# taiji application straight punch



## Xue Sheng (Jul 6, 2013)

taiji application straight punch


----------



## Brian R. VanCise (Jul 6, 2013)

Thanks Xue that was cool!


----------



## oaktree (Jul 6, 2013)

Interesting looks like one of our entries in baguazhang.


----------



## Cyriacus (Jul 6, 2013)

But what if he retracts his arm?
Personally i can see that being better either in offense or against a guard with the front hand sticking out. I may be wrong, as ive never done Taiji. Just asking


----------



## Xue Sheng (Jul 6, 2013)

Cyriacus said:


> But what if he retracts his arm?
> Personally i can see that being better either in offense or against a guard with the front hand sticking out. I may be wrong, as ive never done Taiji. Just asking



It is a demo, no one would expect a person to hang their arm out there in any style of martial arts. In application, at speed, it is just like blocking a punch, it is an intercept and an attack


----------



## Cyriacus (Jul 6, 2013)

Xue Sheng said:


> It is a demo, no one would expect a person to hang their arm out there in any style of martial arts. In application, at speed, it is just like blocking a punch, it is an intercept and an attack



Ah, okay. I was just worried it might be working off that a little too much, but if itd still function without the arm staying out, its a pretty good gap-closer


----------



## TaiChiTJ (Jul 8, 2013)

Good video. This is how we think in my taiji group. Man, I am sure glad he identified his first example, coming over the top of the fist, as being too slow. It is. The only possible way it might work is if you happen to have the hooking hand above the incoming fist, positioned exactly right for the interception. Even then its iffy, and heighth dependent, helpful if you are a bit taller than the opponent. Still, at a fast realistic incoming speed, its risky to say the least. I suppose anything can be made to work if practiced enough, but his solution, what he moves onto, is far more practical. 
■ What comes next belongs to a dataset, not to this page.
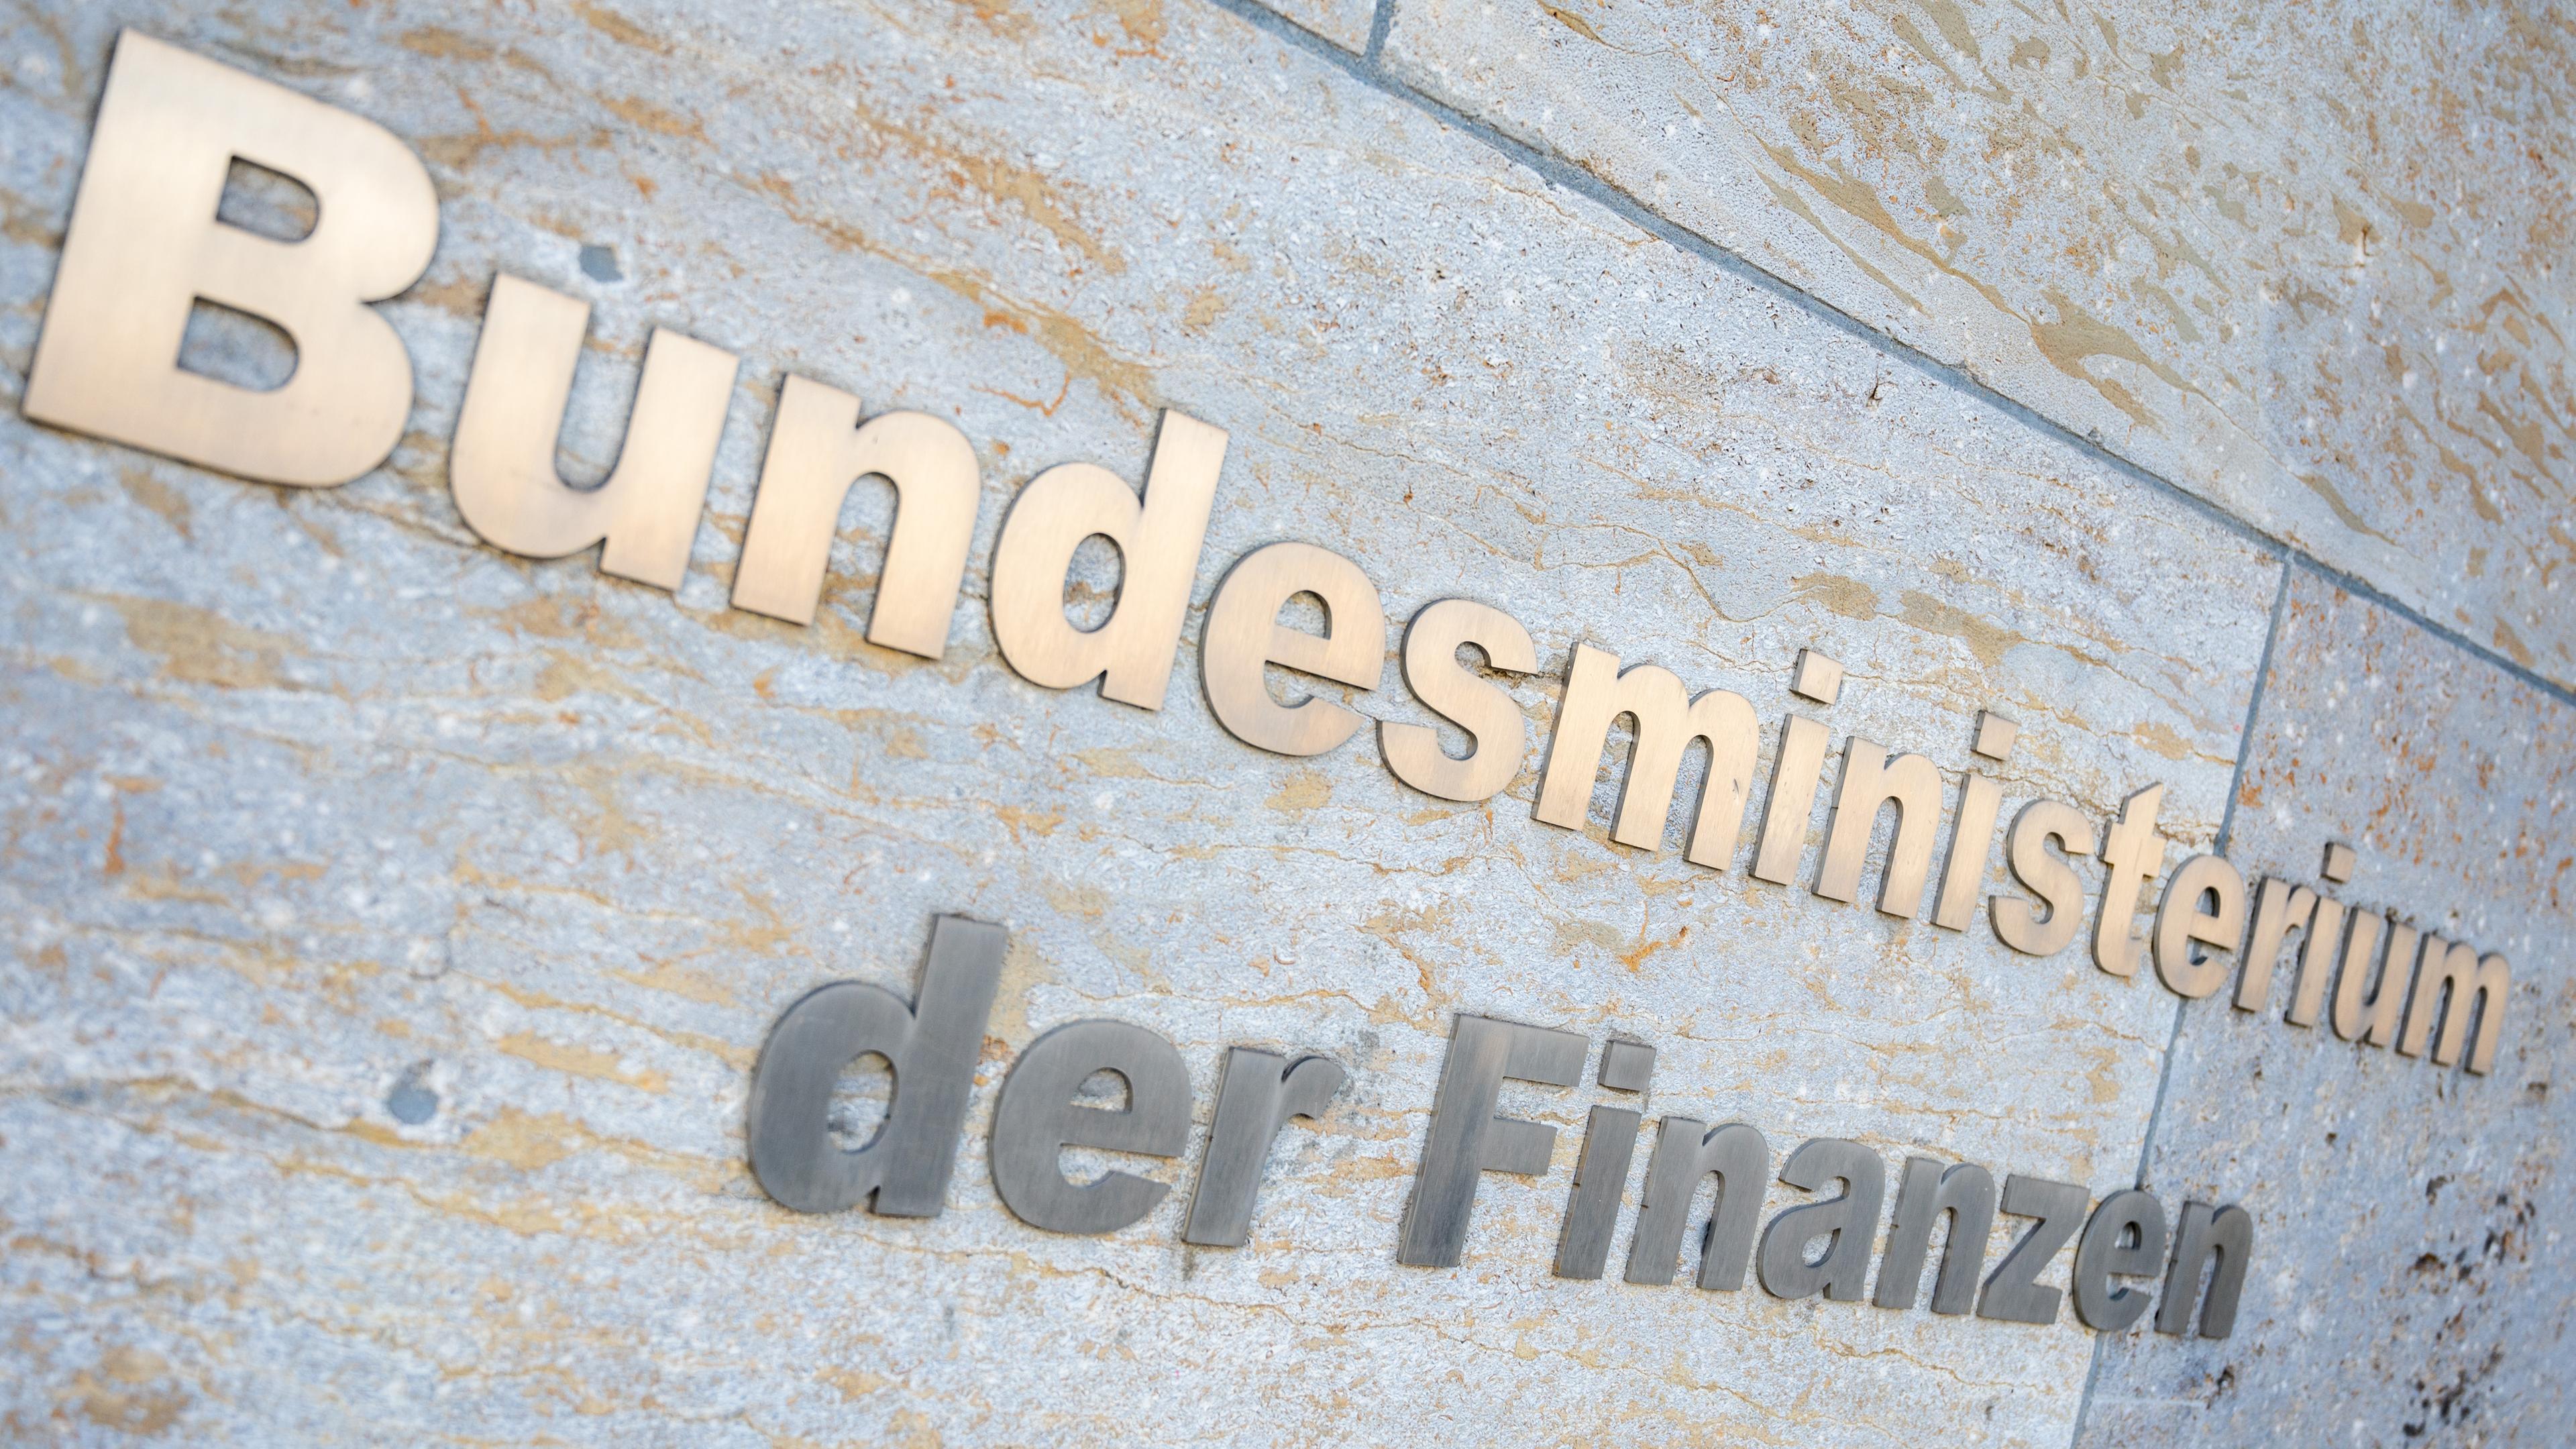 Berlin: Der Schriftzug "Bundesministerium der Finanzen" ist außen am Gebäude des Bundesfinanzministeriums zu lesen.

And yet over the years of finding applications for tai chi, I have seen it demonstrated as something viable.


----------



## blindsage (Jul 8, 2013)

These applications can and do work, the problem for a lot of people is not taking the rear hand into account, especially if you don't take the opponents balance immediately.

The hook over the top has it's place and does work in the right context.


----------



## Xue Sheng (Jul 8, 2013)

blindsage said:


> The hook over the top has it's place and does work in the right context.
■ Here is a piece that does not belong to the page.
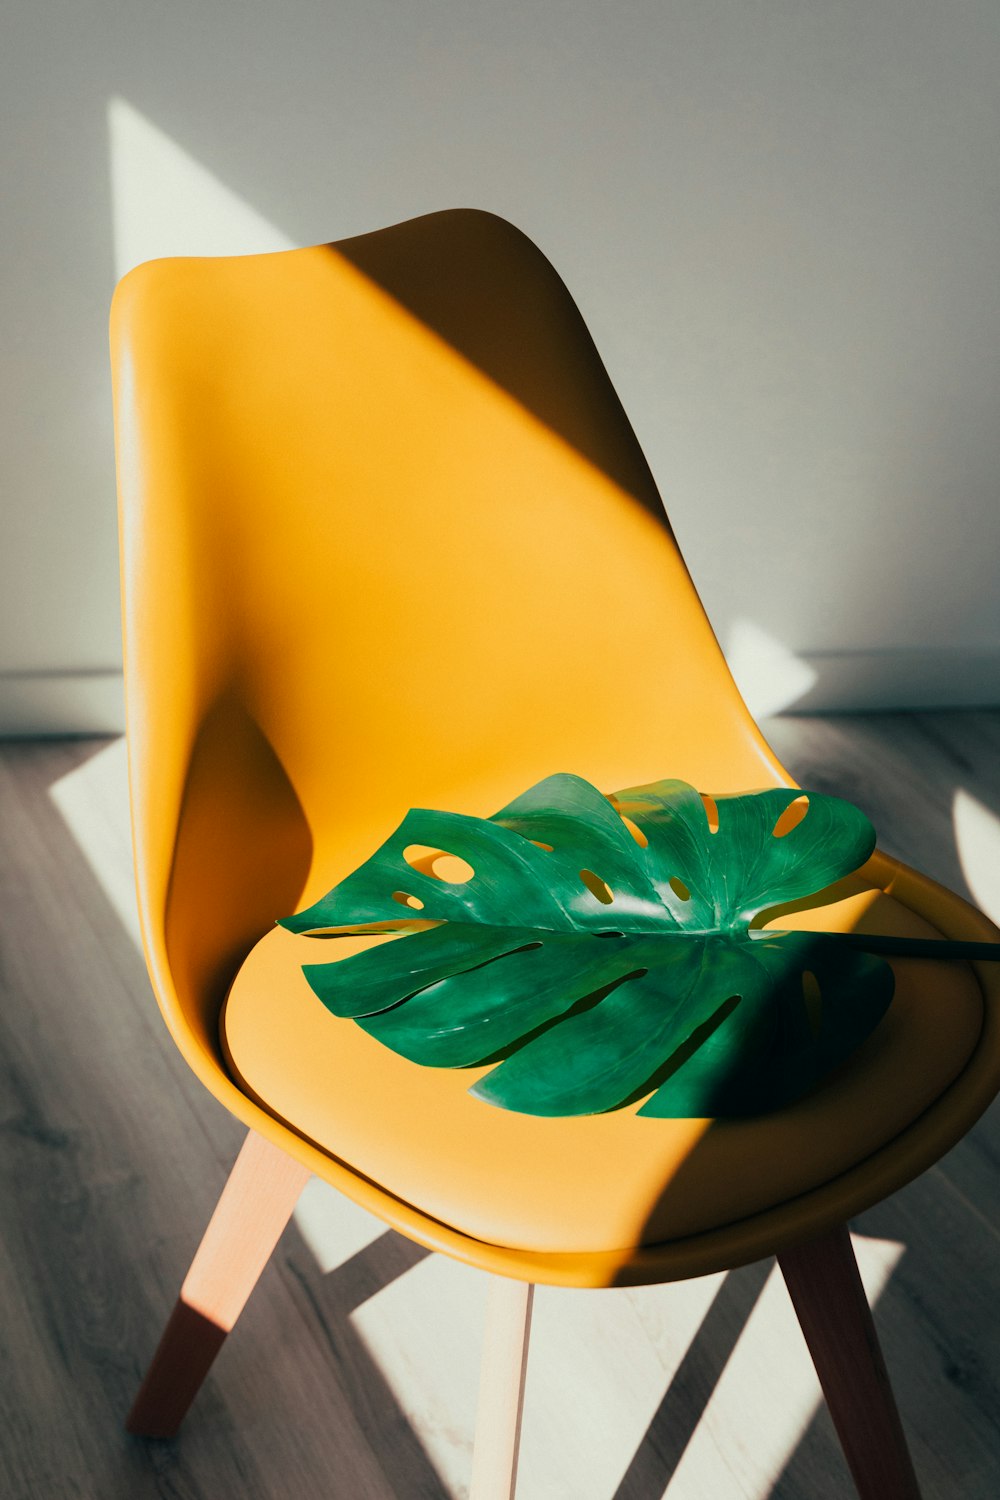 foglia verde su sedia gialla

Yup, right power, right direction and you get a nice little Qinna app there :EG:


----------



## TaiChiTJ (Jul 8, 2013)

I still have a VHS instructional video tape of the 24 posture form, filmed in China, purchased from WayFarer in the early 1980's. What a Classic piece of work it is. 

Applications are demonstrated by an older gentleman. They are on YouTube now. Lots of top riding and hooking. 






Wing Lam instructs it also:


----------



## Xue Sheng (Jul 14, 2013)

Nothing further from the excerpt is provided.